Everyone is atwitter over this report of meager yet definitive signs of success. Naturally, the discussion is bifurcated without intersection, as lefties point out exactly the fact that the authors have been engaged in pro-war, pro-success nonsense for years. In his verbose and often painfully overbearing fashion, Glenn Greenwald offers up the most comphrensive assemblage of O'Hanlon and Pollock's cheerleading -- a staggering litany of incorrectness -- which continues to grow with each new update. On the right, the usual suspects are strutting and clucking about what a great thing it is that the treasonous rag has finally allowed the Truth to be exposed on its very own pages.

Yes, this is a victorious day for the truth-seekers at Powerline and Captain's Quarters. Michele Malkin is moist. For not only has the truth about Iraq won out, it has done so by the fey hand of "liberals," from the "liberal" Brookings Institute, and been doled out on the pages of the "liberal" New York Times, sure to be sopped up with gusto by those northeast, latte-slurping liberals. This is good, you see, because liberals run everything, which is why the US is fighting two failing wars in Iraq and Afghanistan, agitating and arming for a third with Iran, sending missile defenses to Europe to piss off the Russians in the hopes of ramping up a new cold war, sending arms to Saudi Arabia, backing the brutal actions of Ethiopian government troops in Ethiopia and Somolia, and arming rebels in Darfur.
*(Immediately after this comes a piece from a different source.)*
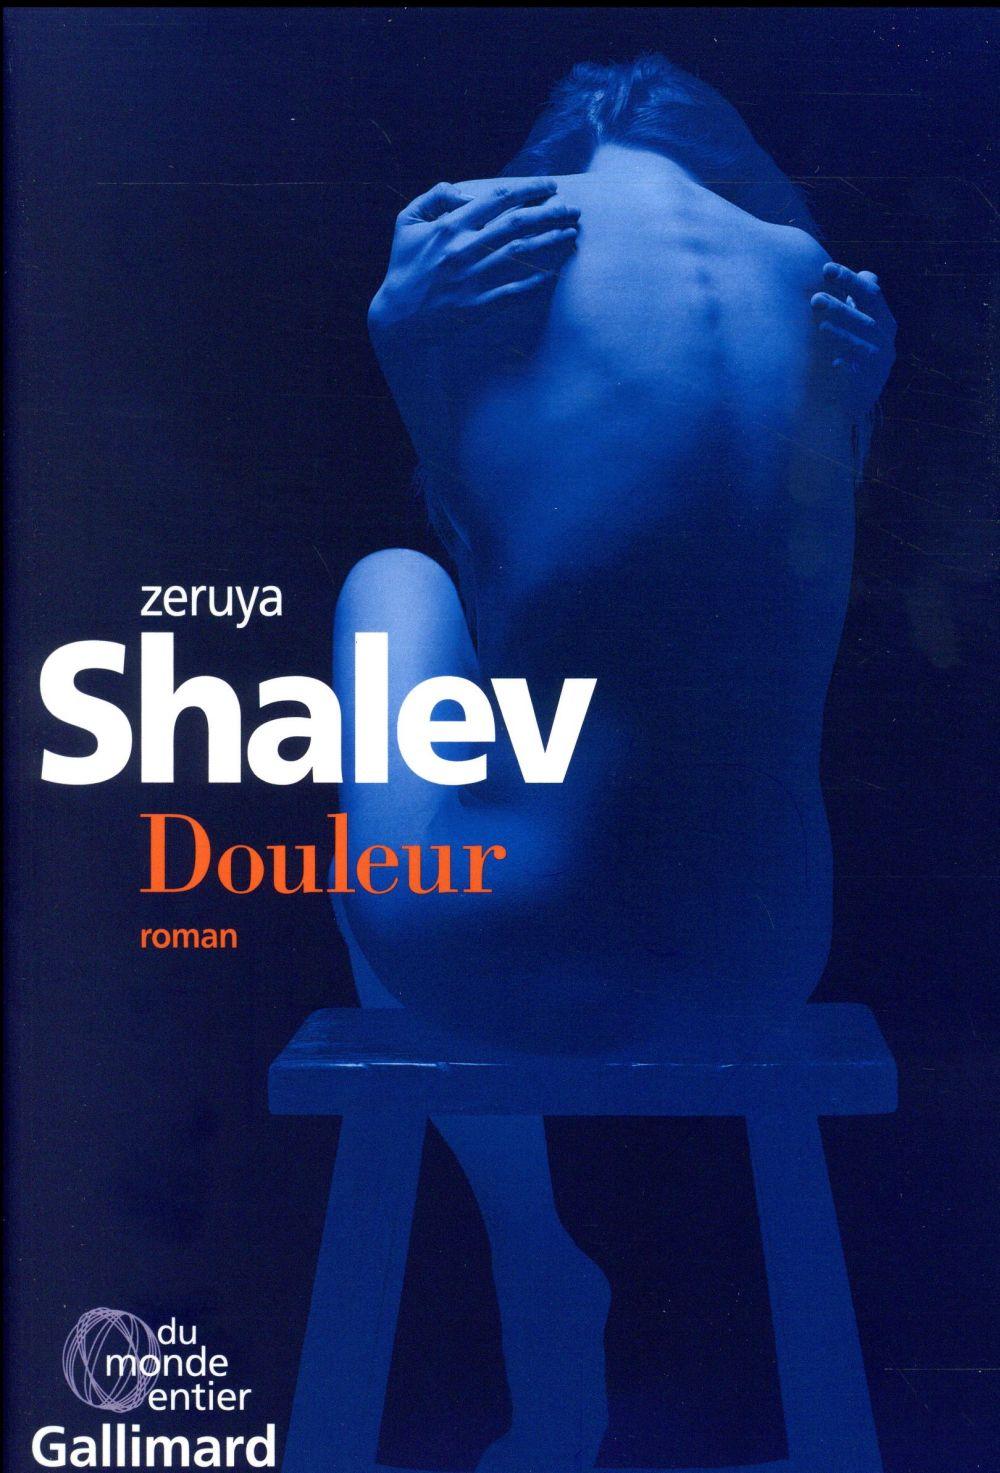 DOULEUR SHALEV ZERUYA Gallimard

If liberals weren't in charge, why, imagine the bliss. But I digress.

The larger issue at hand, and which almost everyone seems to be either avoiding or failing to recognize, is the purpose of the Brookings agitprop, which is only one of a steady stream of articles and opinion pieces that have been flushed through the media channels -- sure to continue -- all in an effort to loosen up that puckered American sphincter, so reticent as it is now at the thought of staying in Iraq for a very long time.

As has been pointed out earlier, the propaganda agitating, rationalizing and justifying the continued presence of US troops in Iraq, has come directly from the White House and the Pentagon, of course. But it is also moving into articles that a reader might nominally consider separated from those sources. I don't consider a trip, and the tale of it, conducted under the auspices of the US military, as is O'Hanlon's and Pollock's gumdrop, to be such a story. But it will be treated as such by other outlets and I expect we can all count on seeing more of these self-professed "critics" making the talking head rounds very soon, getting the word out. A word that, frankly, the American public would probably like to hear.

But a far more subtle case of American media pushing the White House agenda was to be found in the pages of the Time magazine last week with Michael Duffy's How to Leave Iraq, which is not so much about leaving as it is about staying.
What's needed is not the sloganeering of certain politicians but a clear-eyed, multifaceted policy. That would involve making plain to the Iraqi government our intention to pull back, followed by an orderly withdrawal of about half the 160,000 troops currently in Iraq by the middle of 2008. A force of 50,000 to 100,000 troops would dig in for a longer stay to protect America's most vital interests
This is exactly what the White House, the Pentagon and every supporter of Iraq misadventure now tells us is the only way forward. If one doesn't agree with this strategy, one cannot possibly be clear-eyed.

Unlike the New York Times, which is always being ravaged by morons for being oh, so liberal, Time magazine has the cred as one of the nation's preeminent serious news journals. It is no such thing, of course and, like most US corporate media, this is a generally specious attribution, one that has been scrupulously manufactured by the media engine itself. Which is why "catapulting the propaganda" onto the pages of a magazine like Time is crucial when so much of the country is dead set against clearly stated White House plans. While not many in the country read Time magazine anymore, it is only one of many outlets that are now being used to prepare Americans for the new reality: the long term occupation of Iraq.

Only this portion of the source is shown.